I am sure some people will chafe at that, as we have heard ad infinitum from people who get offended if they feel like they weren't someone's tip-top first choice, but ideally if you are dating more than one person at once, it is because you actually LIKE them in some way, anyway, and not just passing time or doing it for ego purposes. When I dated, I dated because I wanted to spend time and enjoy companionship with men I liked and genuinely enjoyed being around, each on his own merits or I wouldn't have bothered with them at all.
Regarding dating more than one person at a time, I think it is rare that "multidating" goes on for very long if someone is hoping to eventually have a serious relationship. Maybe a handful of dates and then either someone stands out, very clearly, from all the rest because you like them just that much or you are having that much "click" with them, or you realize there isn't much there for the deeper connection you are hoping for and things fizzle out.
The danger in dating one person at a time is that after a certain amount of time, you may feel like, "Well, I've already put time and effort into this person, so might as well try to make it work" when there are a few signs that the person is not right for you. That is a common theme on this forum from what I see.
Were I to date now, I still would not want to put all of my eggs in one basket and then have to start from scratch over and over in a linear fashion so that it takes a year to figure out four men I could have figured out in three months if I dated them all at the same time.

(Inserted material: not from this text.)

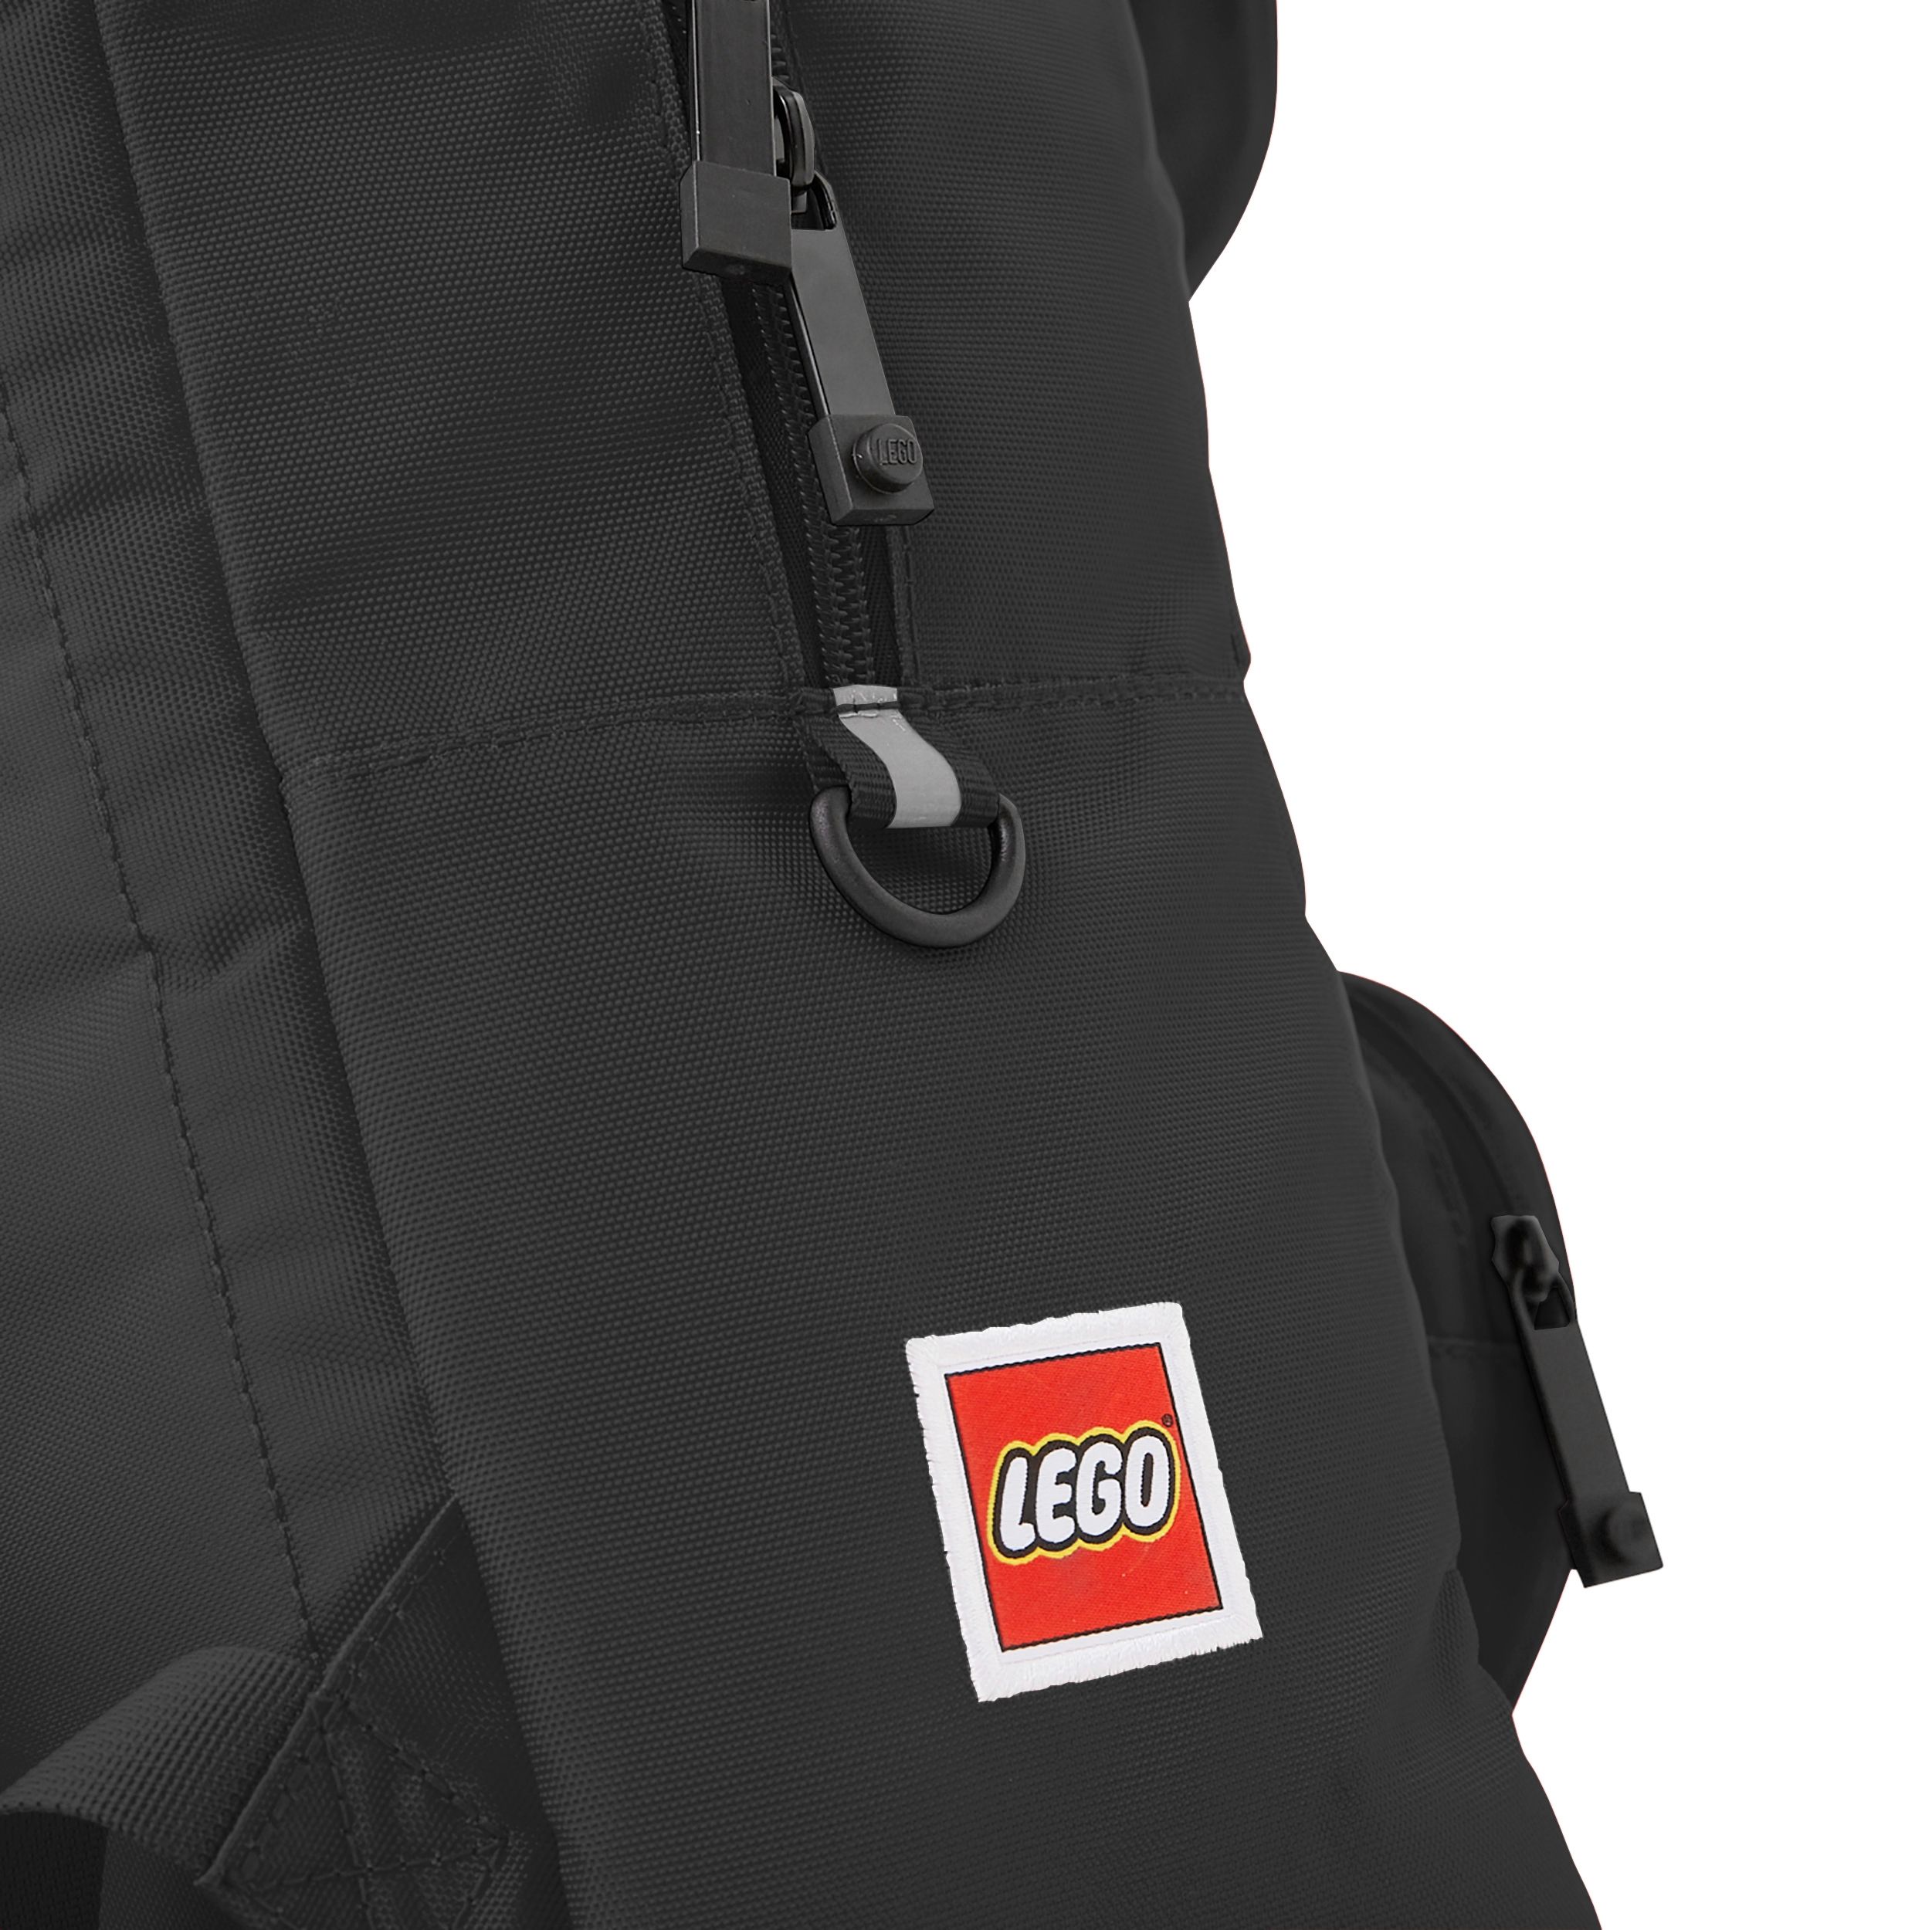 LEGO Gear 5007249 Brick 1x2 Backpack- Black LEGO_5007249_alt7.jpg

Also, I will say the things that should not be said. One more advantage to multidating is that it is not nearly as disappointing if someone turns out not to be "all that," nor is it nearly as discouraging if someone breaks it off with you. It is much easier to let go of someone if you are not sitting home getting into your own head and convincing yourself that nobody wants you or you'll never find someone just because it didn't work out with this one person you put all of your time and energy into right from the start. It's hard to feel sorry for yourself like you will be "forever alone" when you have evidence to the contrary from others.
I am sure some people will chafe at that, as we have heard ad infinitum from people who get offended if they feel like they weren't someone's tip-top first choice, but ideally if you are dating more than one person at once, it is because you actually LIKE them in some way, anyway, and not just passing time or doing it for ego purposes. When I dated, I dated because I wanted to spend time and enjoy companionship with men I liked and genuinely enjoyed being around, each on his own merits or I wouldn't have bothered with them at all.
I agree with all of this 100%. When I jumped back into the dating pool this spring, this was my goal/intention; to “roster date”. My friends and family are able to build a roster of 3-5 (or more) with ease. Now I’ve been clear on this forum about my struggles, and that I can’t attract and keep *one* man, much less a roster. But that was my goal for the reasons you delineated. I have a history of latching onto one man and absolutely imploding when it didn’t work out; I figured having options would eliminate this devastation (it does for my friends, they say they take one off the back burner and put him on the front burner). I figured it would give me a chance to see what’s out there, have fun and enjoy myself. And I wouldn’t be acting out of a place of scarcity or lack, but abundance.